Aim of the exercise |
Gather each line containing the string "some" from these entries.

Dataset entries

════════

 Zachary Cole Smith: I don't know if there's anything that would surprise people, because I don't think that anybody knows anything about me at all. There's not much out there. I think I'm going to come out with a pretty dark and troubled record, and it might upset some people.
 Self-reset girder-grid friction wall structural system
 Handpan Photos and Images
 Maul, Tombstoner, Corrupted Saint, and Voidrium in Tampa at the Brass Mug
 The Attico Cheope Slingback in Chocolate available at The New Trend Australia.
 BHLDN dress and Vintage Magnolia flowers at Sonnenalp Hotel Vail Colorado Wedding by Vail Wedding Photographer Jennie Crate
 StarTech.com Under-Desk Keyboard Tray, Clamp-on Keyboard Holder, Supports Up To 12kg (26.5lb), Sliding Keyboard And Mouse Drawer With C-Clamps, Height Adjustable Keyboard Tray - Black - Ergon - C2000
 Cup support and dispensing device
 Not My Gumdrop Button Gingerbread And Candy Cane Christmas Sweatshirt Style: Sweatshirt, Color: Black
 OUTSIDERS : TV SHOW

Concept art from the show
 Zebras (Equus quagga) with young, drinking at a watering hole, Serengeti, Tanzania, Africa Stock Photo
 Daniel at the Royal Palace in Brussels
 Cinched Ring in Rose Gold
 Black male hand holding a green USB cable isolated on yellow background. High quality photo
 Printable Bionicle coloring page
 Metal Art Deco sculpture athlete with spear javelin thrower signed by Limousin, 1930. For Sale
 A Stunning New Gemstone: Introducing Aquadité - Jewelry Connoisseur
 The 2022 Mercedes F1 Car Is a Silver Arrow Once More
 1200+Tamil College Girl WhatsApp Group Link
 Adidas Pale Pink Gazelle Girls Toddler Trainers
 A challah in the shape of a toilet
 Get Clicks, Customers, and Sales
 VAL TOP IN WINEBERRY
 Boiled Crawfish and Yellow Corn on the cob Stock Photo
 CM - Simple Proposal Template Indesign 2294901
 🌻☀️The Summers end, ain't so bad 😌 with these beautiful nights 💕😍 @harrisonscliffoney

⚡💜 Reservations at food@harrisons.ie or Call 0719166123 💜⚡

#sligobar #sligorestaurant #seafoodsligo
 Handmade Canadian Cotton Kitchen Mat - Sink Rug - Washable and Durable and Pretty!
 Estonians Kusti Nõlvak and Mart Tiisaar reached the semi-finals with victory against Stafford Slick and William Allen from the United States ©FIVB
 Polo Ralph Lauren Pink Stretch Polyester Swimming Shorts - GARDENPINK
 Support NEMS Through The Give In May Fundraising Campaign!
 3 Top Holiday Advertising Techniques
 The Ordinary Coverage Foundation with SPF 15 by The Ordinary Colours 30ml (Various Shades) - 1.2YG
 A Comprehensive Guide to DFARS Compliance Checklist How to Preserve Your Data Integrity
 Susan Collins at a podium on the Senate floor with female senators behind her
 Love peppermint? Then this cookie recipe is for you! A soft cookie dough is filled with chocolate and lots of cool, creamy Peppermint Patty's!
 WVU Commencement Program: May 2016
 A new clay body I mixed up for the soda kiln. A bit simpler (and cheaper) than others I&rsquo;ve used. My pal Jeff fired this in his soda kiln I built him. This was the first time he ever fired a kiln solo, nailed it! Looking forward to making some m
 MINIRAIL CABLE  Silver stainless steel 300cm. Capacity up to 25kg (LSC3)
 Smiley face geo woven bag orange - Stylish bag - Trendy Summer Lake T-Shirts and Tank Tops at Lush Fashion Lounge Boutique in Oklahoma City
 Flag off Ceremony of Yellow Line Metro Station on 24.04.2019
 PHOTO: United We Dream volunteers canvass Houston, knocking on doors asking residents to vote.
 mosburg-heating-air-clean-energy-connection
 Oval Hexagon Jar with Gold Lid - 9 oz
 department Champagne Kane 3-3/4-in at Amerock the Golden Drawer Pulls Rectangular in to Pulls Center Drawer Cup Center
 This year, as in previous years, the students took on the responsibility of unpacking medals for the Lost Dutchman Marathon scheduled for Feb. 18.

════════

Exercise result |
 Zachary Cole Smith: I don't know if there's anything that would surprise people, because I don't think that anybody knows anything about me at all. There's not much out there. I think I'm going to come out with a pretty dark and troubled record, and it might upset some people.
 A new clay body I mixed up for the soda kiln. A bit simpler (and cheaper) than others I&rsquo;ve used. My pal Jeff fired this in his soda kiln I built him. This was the first time he ever fired a kiln solo, nailed it! Looking forward to making some m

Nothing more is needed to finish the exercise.